> _TASK OBJECTIVE_
Return all of the data verbatim, dropping any picture.

> _DATA SHOWN_
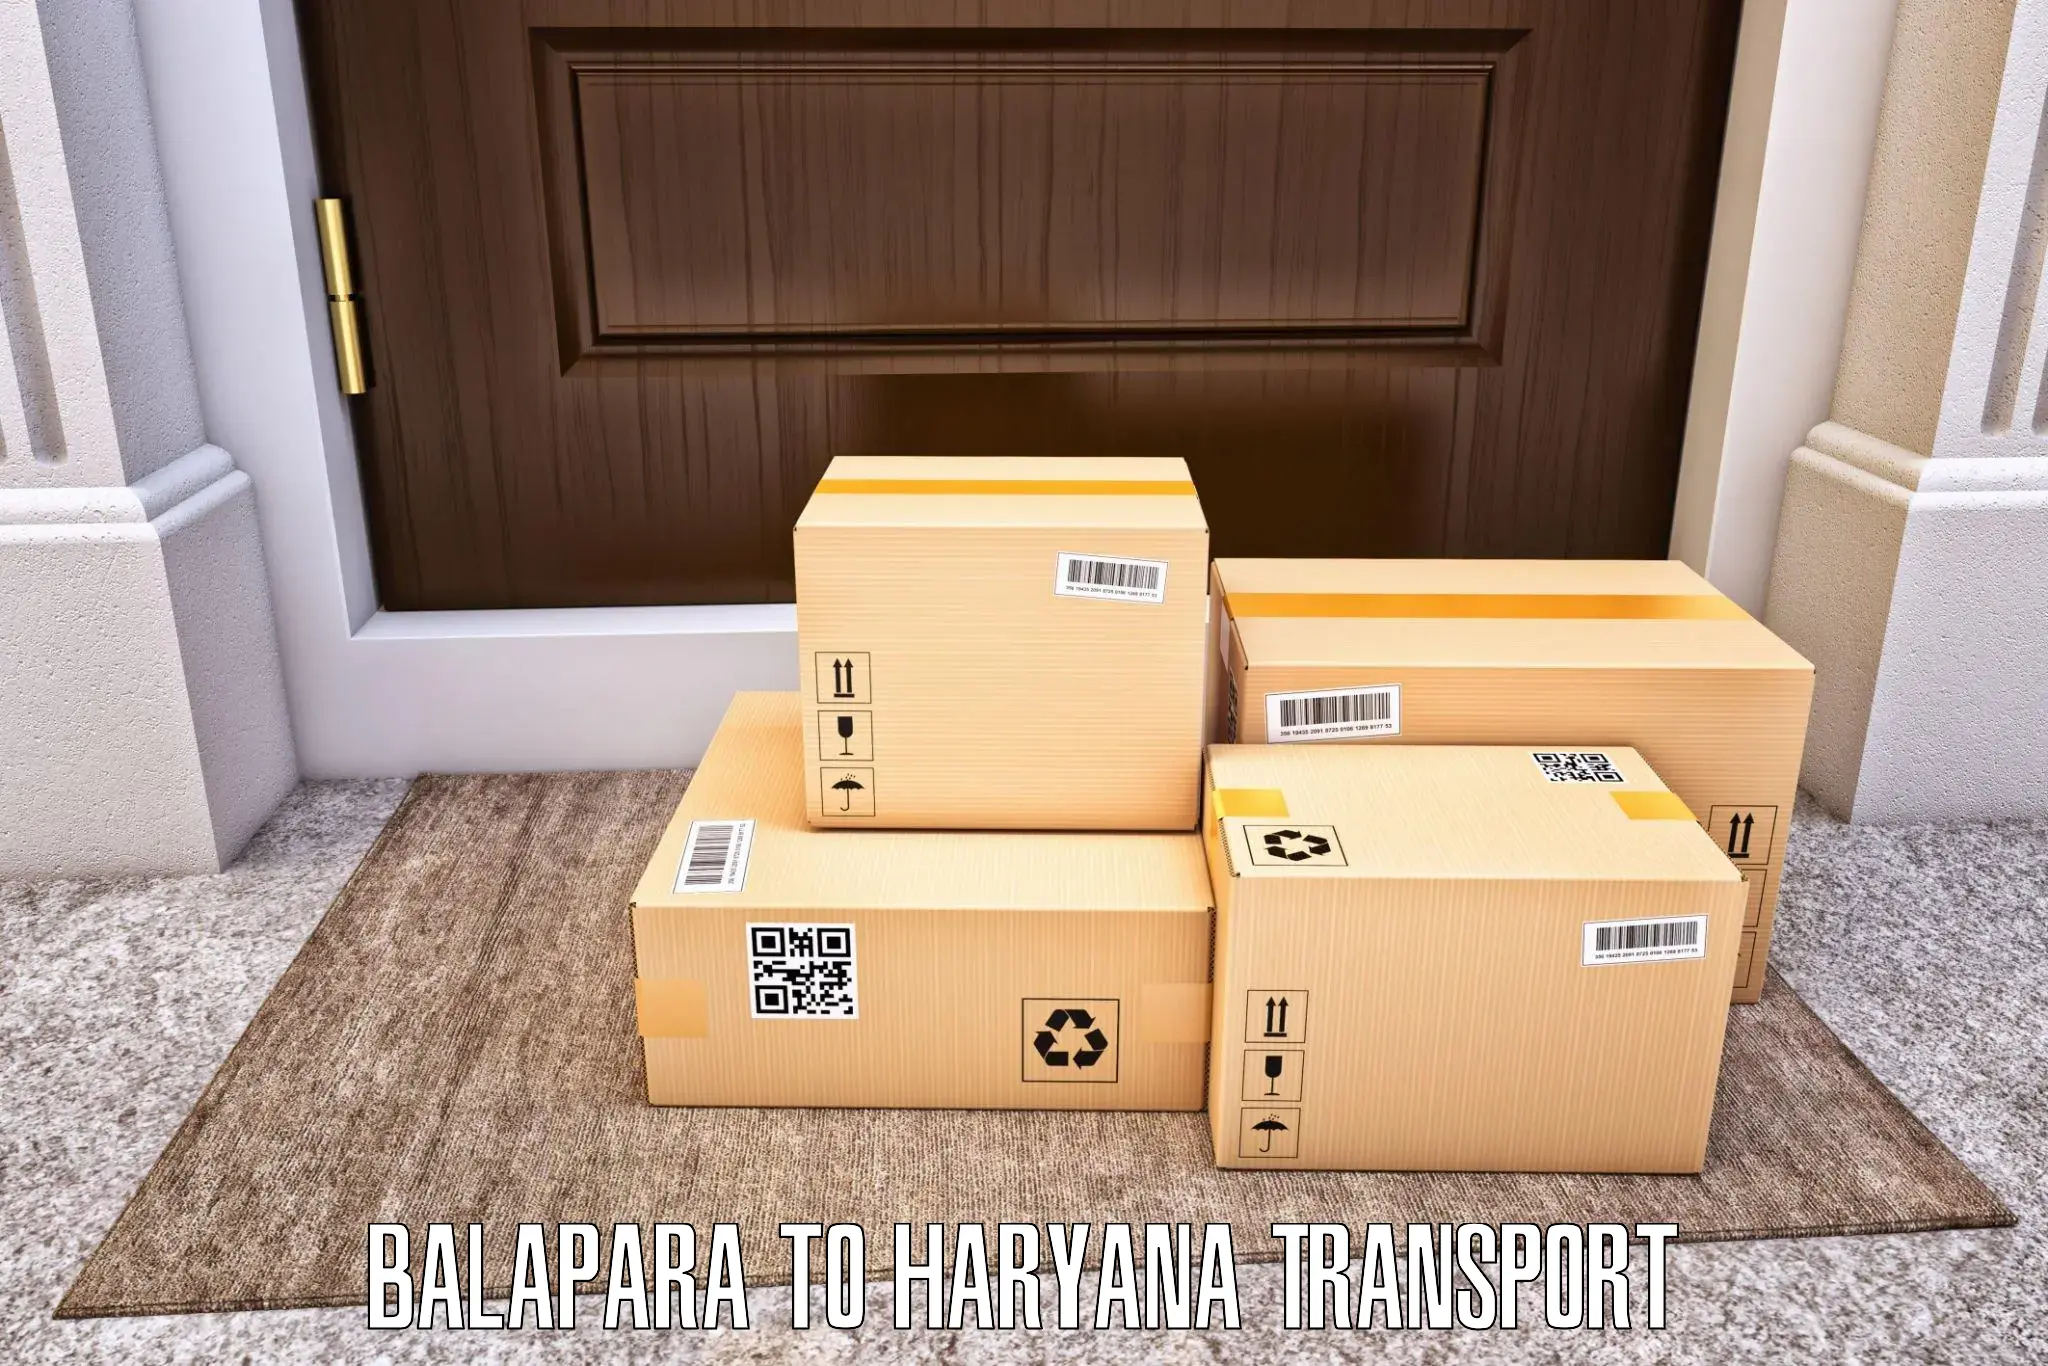 Transport services Balapara to Karnal
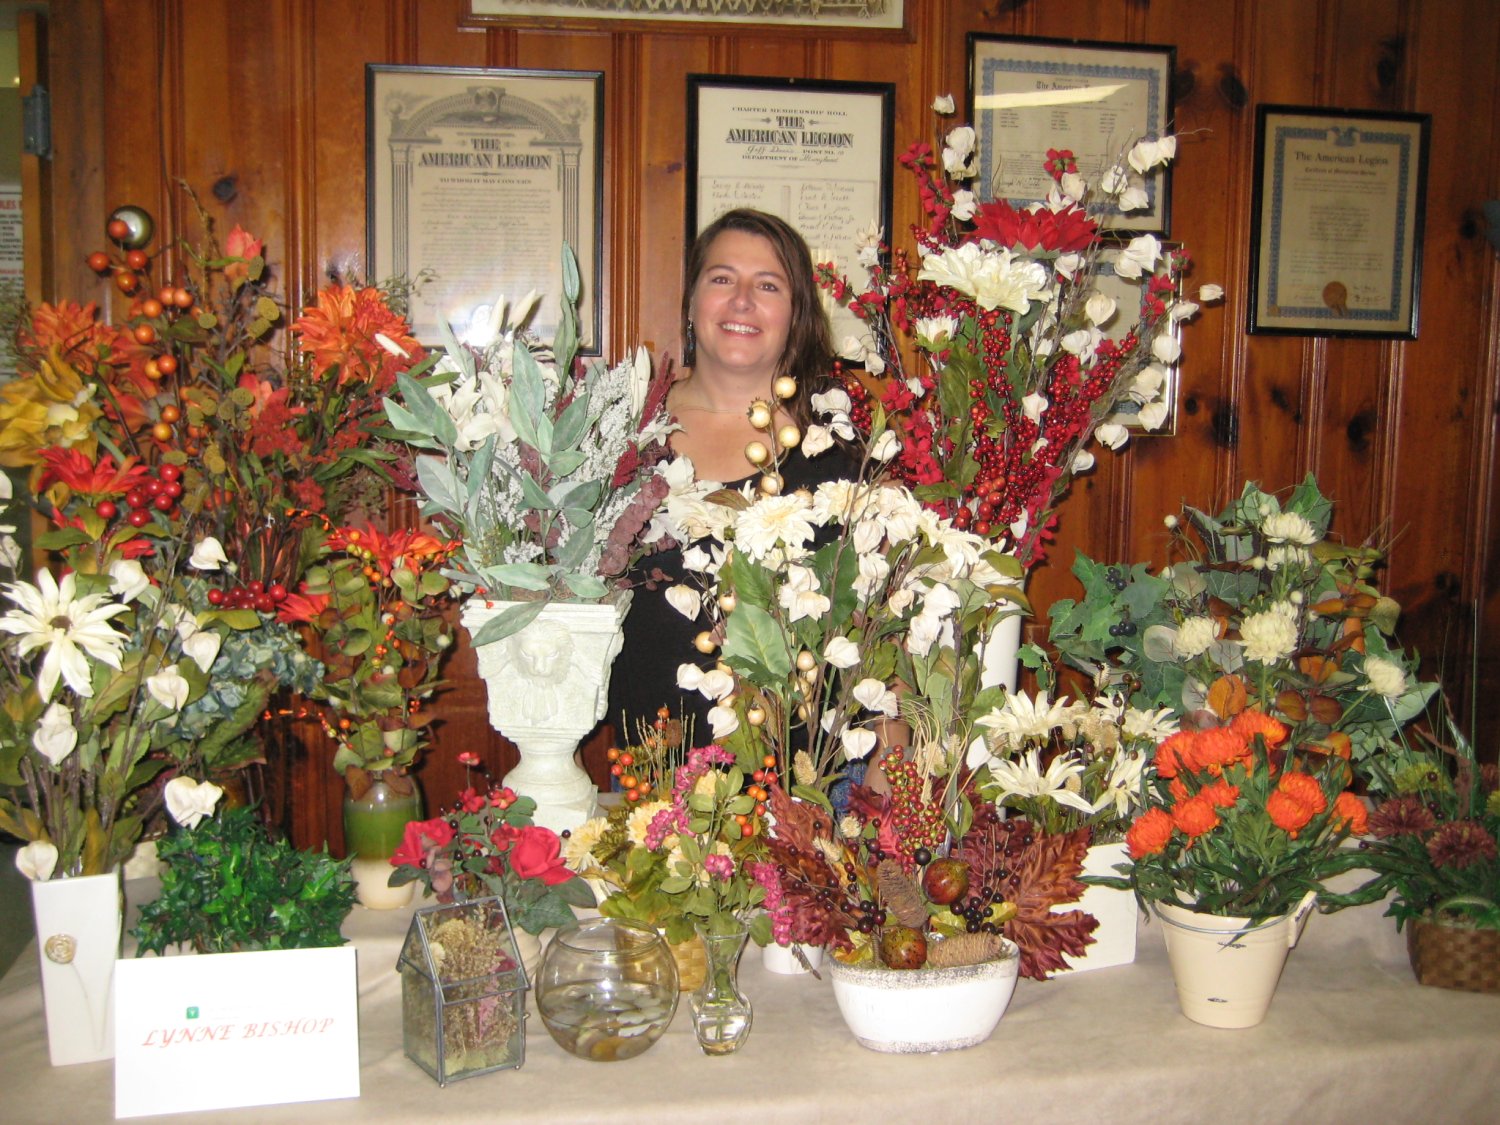  Lynne Bishop shows her beautiful silk flower arrangements.  
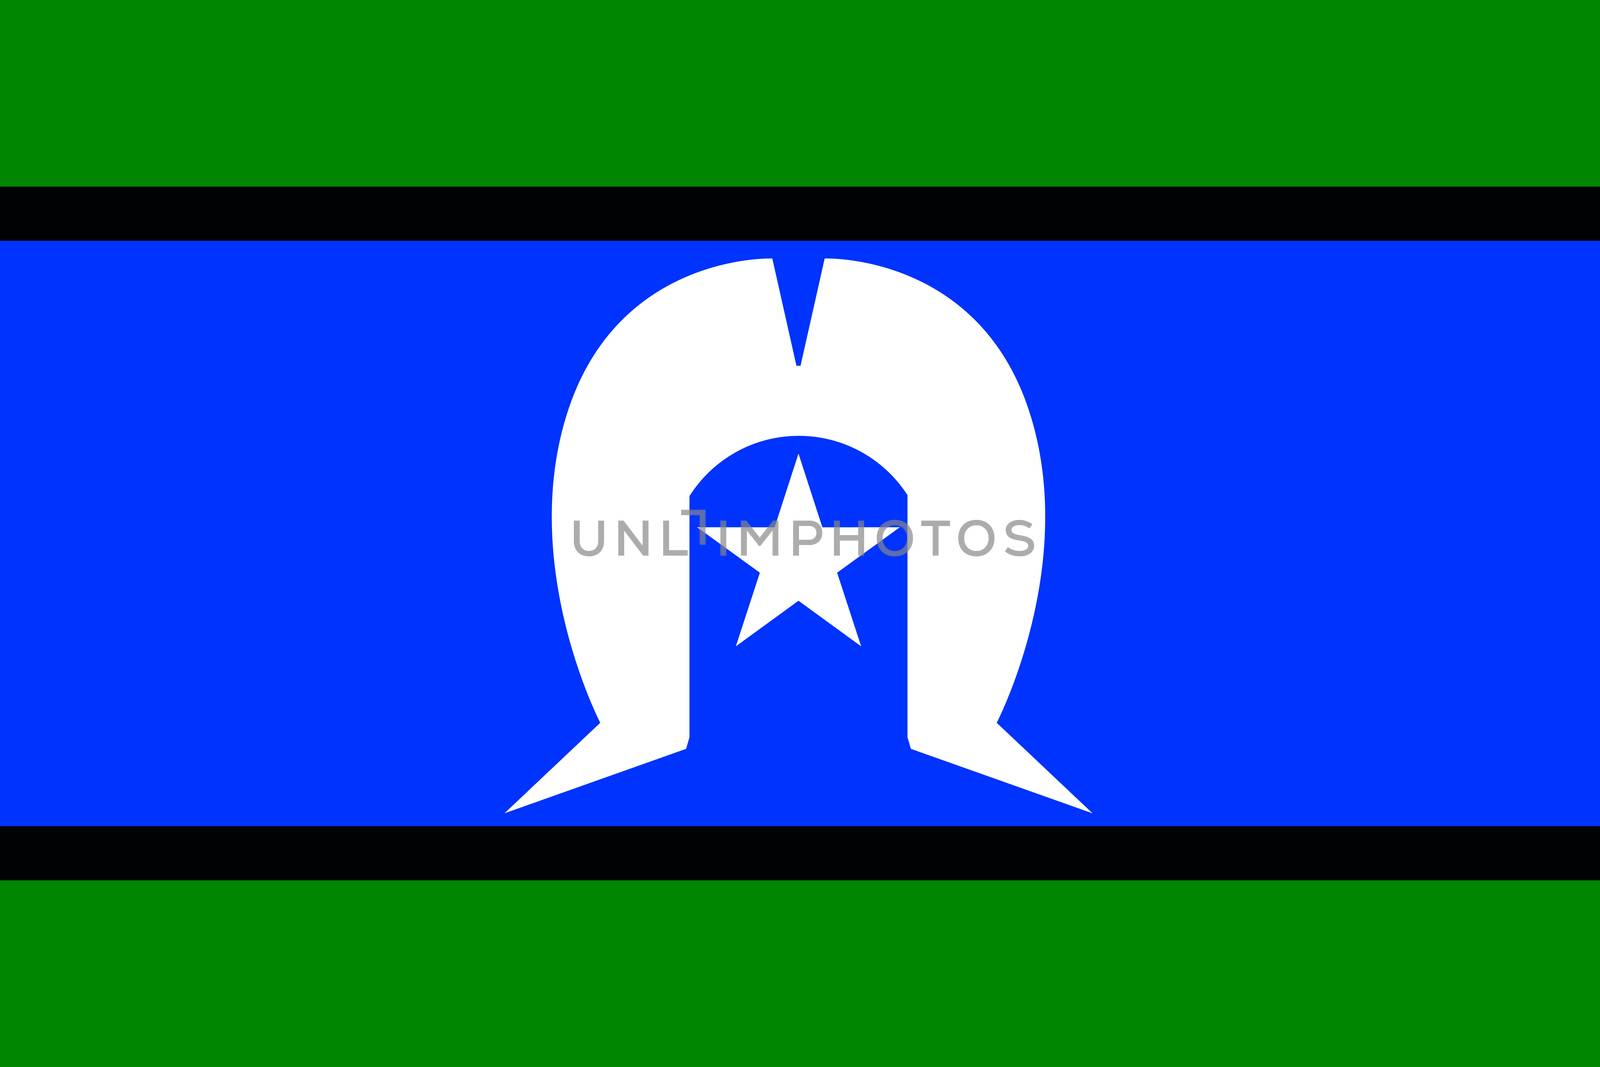 The flag of the Australian Torres Strait Islander

> _PROBLEM SOLUTION_
 Transport services Balapara to Karnal
  Lynne Bishop shows her beautiful silk flower arrangements.  
 The flag of the Australian Torres Strait Islander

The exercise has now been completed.